España volvió a escribir una página dorada en la historia del fútbol al vencer 1-0 a Argentina en la prórroga y proclamarse campeona del Mundial 2026. Un gol de Ferran Torres en el tiempo suplementario le dio a La Roja su segundo título mundial, frustrando el sueño de la Albiceleste de defender la corona conquistada en Catar.
El MetLife Stadium fue escenario de una final intensa, equilibrada y cargada de emociones, donde ambos equipos ofrecieron un duelo de alto nivel que solo pudo resolverse después de 120 minutos de juego.
Desde el inicio, España tomó la iniciativa y generó las primeras ocasiones de peligro, con un inspirado Lamine Yamal y las constantes asociaciones entre Dani Olmo y Álex Baena.
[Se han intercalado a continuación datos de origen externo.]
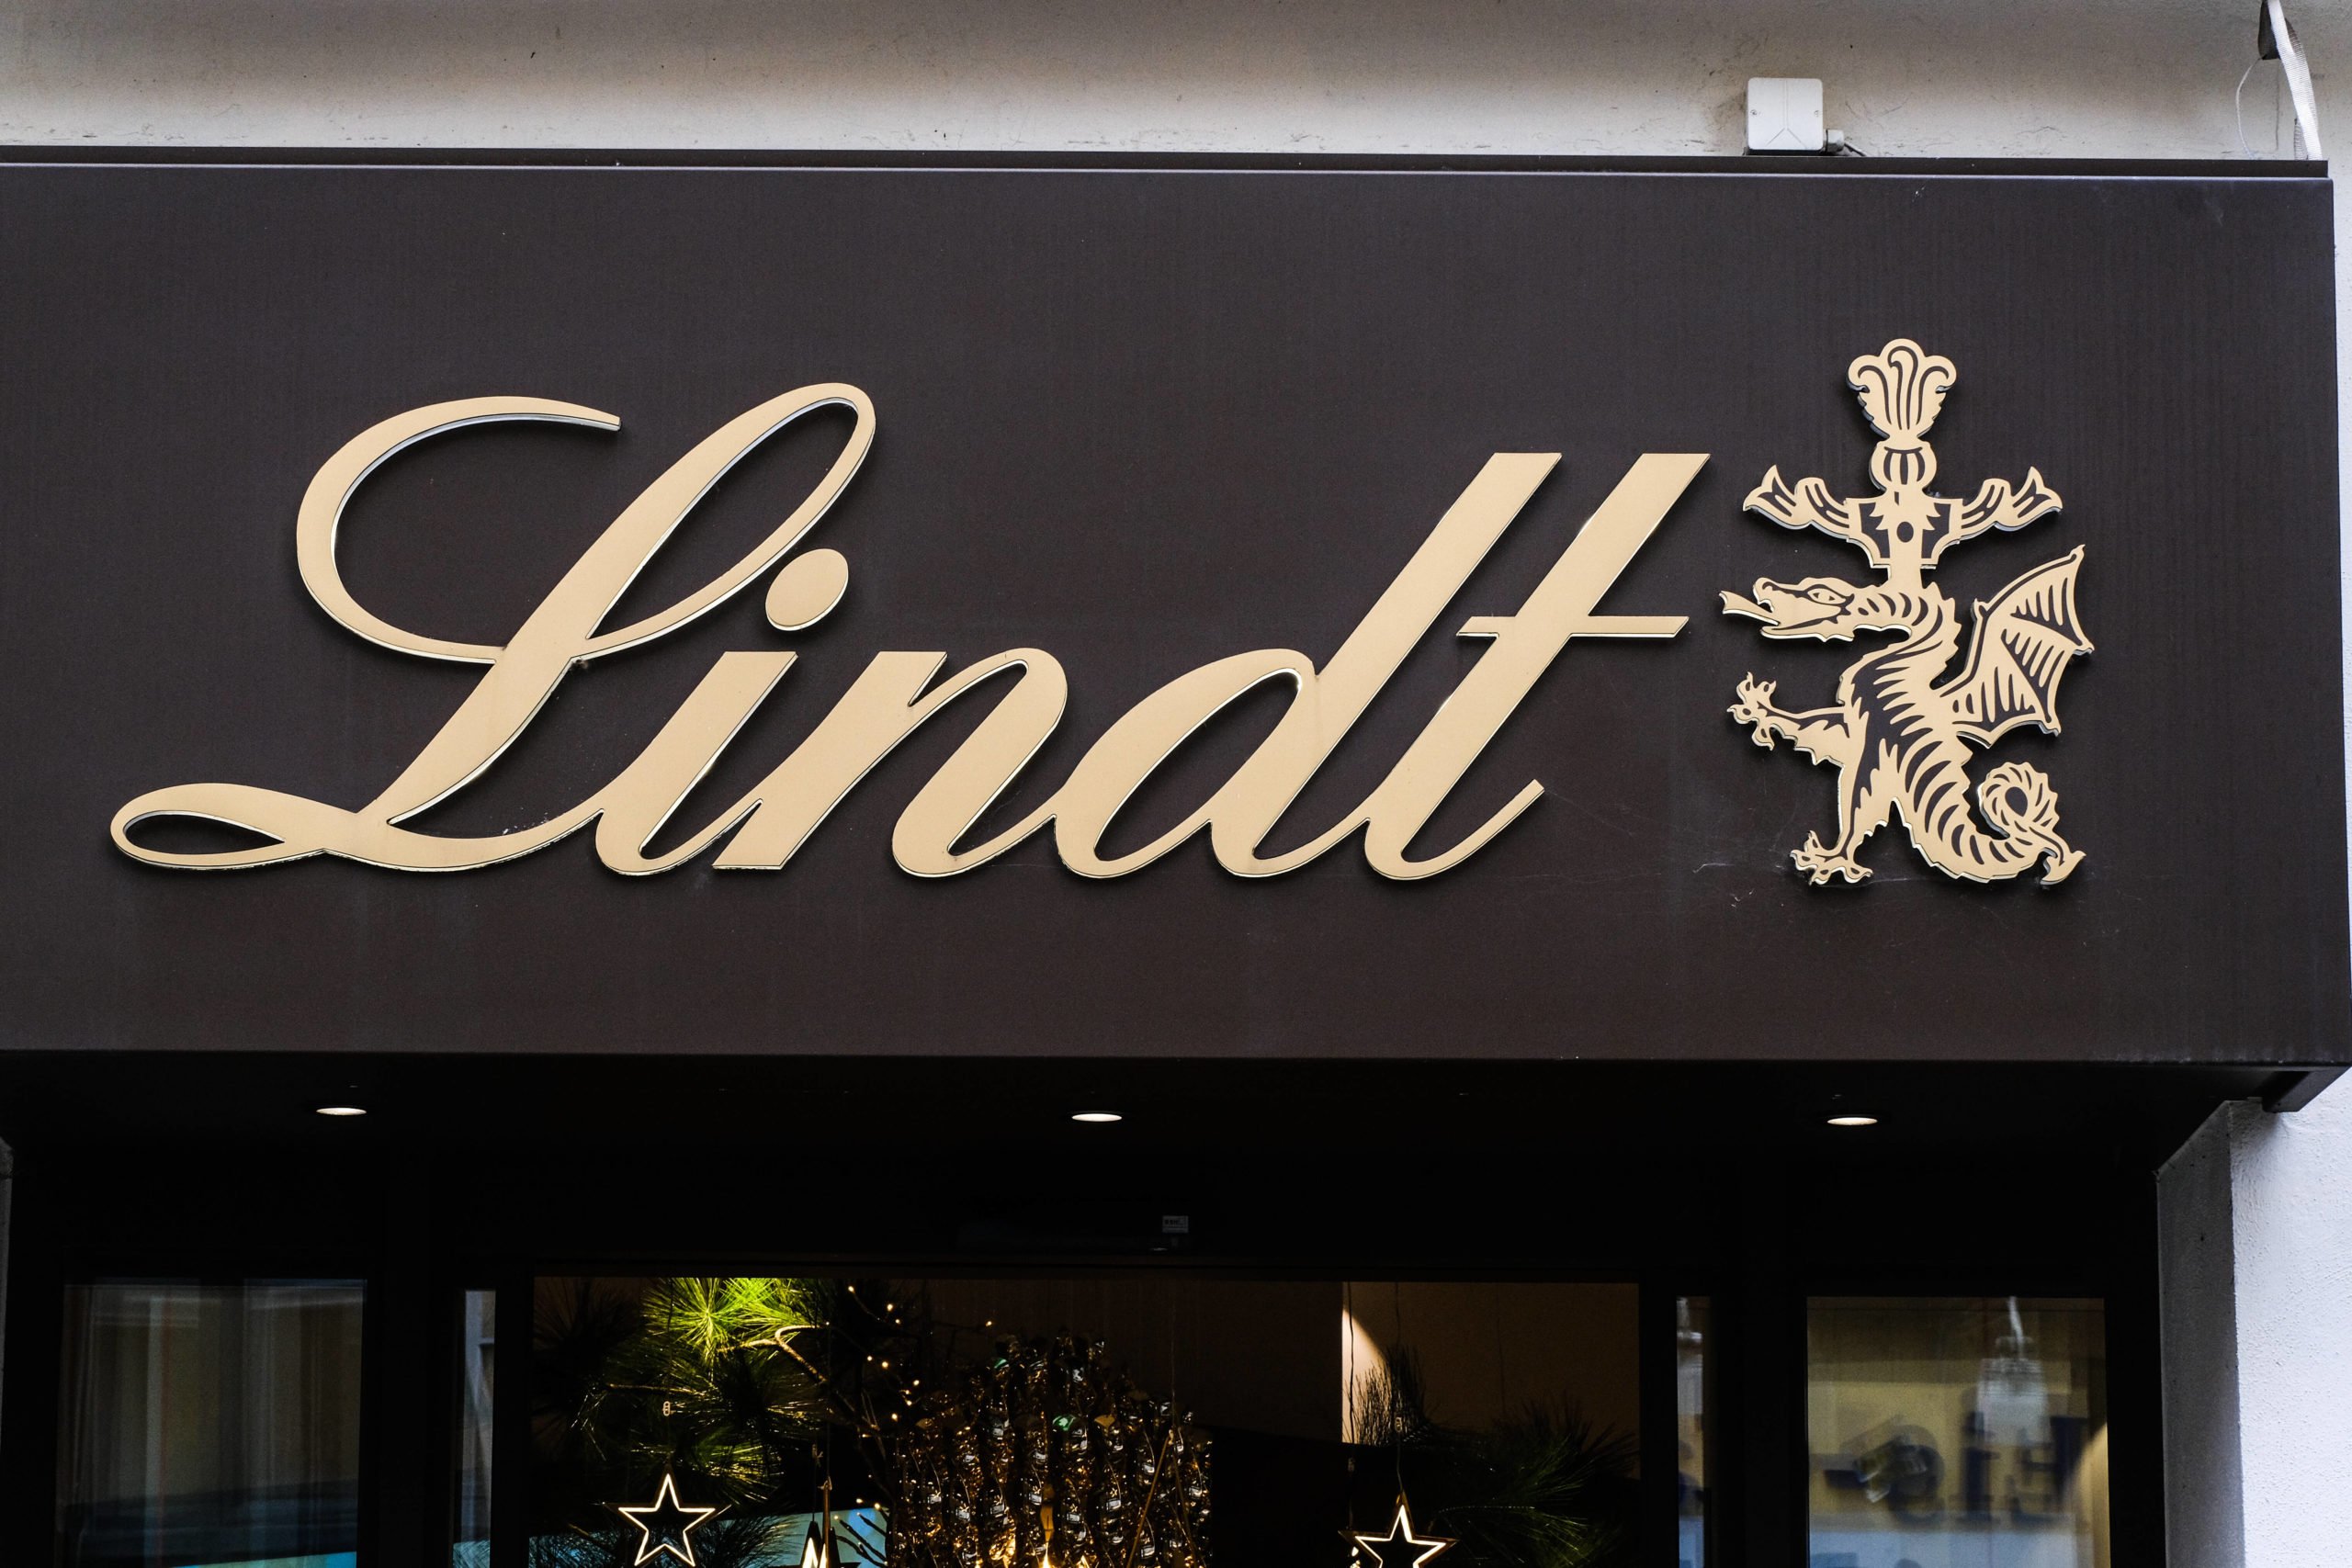 Schweiz in Berlin Die leckere Schokolade von Lindt geht immer – ob zwischendurch oder zu einem besonderen Anlass. In Berlin betreibt der Schweizer Schokoladenhersteller mehrere Boutiquen.

Sin embargo, Emiliano «Dibu» Martínez volvió a demostrar por qué es considerado uno de los mejores porteros del mundo, sosteniendo el empate con varias intervenciones decisivas.
Argentina respondió con Lionel Messi como principal generador de fútbol y algunos intentos de Julián Álvarez, aunque la defensa española logró neutralizar la mayoría de las llegadas del vigente campeón.
En la segunda mitad, el dominio español se hizo más evidente. La Roja controló la posesión y acumuló oportunidades, pero se encontró una y otra vez con un monumental Dibu Martínez, figura absoluta de la Albiceleste durante los 90 minutos reglamentarios.
Cuando el partido parecía encaminado a los penales, Argentina sufrió un duro golpe en el tiempo agregado. Enzo Fernández fue expulsado tras recibir su segunda tarjeta amarilla, dejando a los dirigidos por Lionel Scaloni con diez jugadores para disputar la prórroga.
Con la superioridad numérica, España intensificó su asedio. El gol llegó al minuto 106, cuando Nico Williams ganó un balón aéreo cerca de la línea de fondo y asistió de cabeza a Ferran Torres, quien apareció libre dentro del área para definir con un potente remate y vencer finalmente a Martínez.
La Albiceleste buscó reaccionar en los minutos finales, liderada por Messi, que intentó generar peligro con centros y balones detenidos, pero la defensa española resistió los últimos ataques hasta que el árbitro decretó el final del encuentro.
Con este triunfo, España levanta su segunda Copa del Mundo, dieciséis años después de la conseguida en Sudáfrica 2010, consolidando una nueva generación encabezada por Lamine Yamal, Pedri y Nico Williams. Argentina, por su parte, cierra un brillante torneo como subcampeona, quedándose a las puertas de revalidar el título mundial.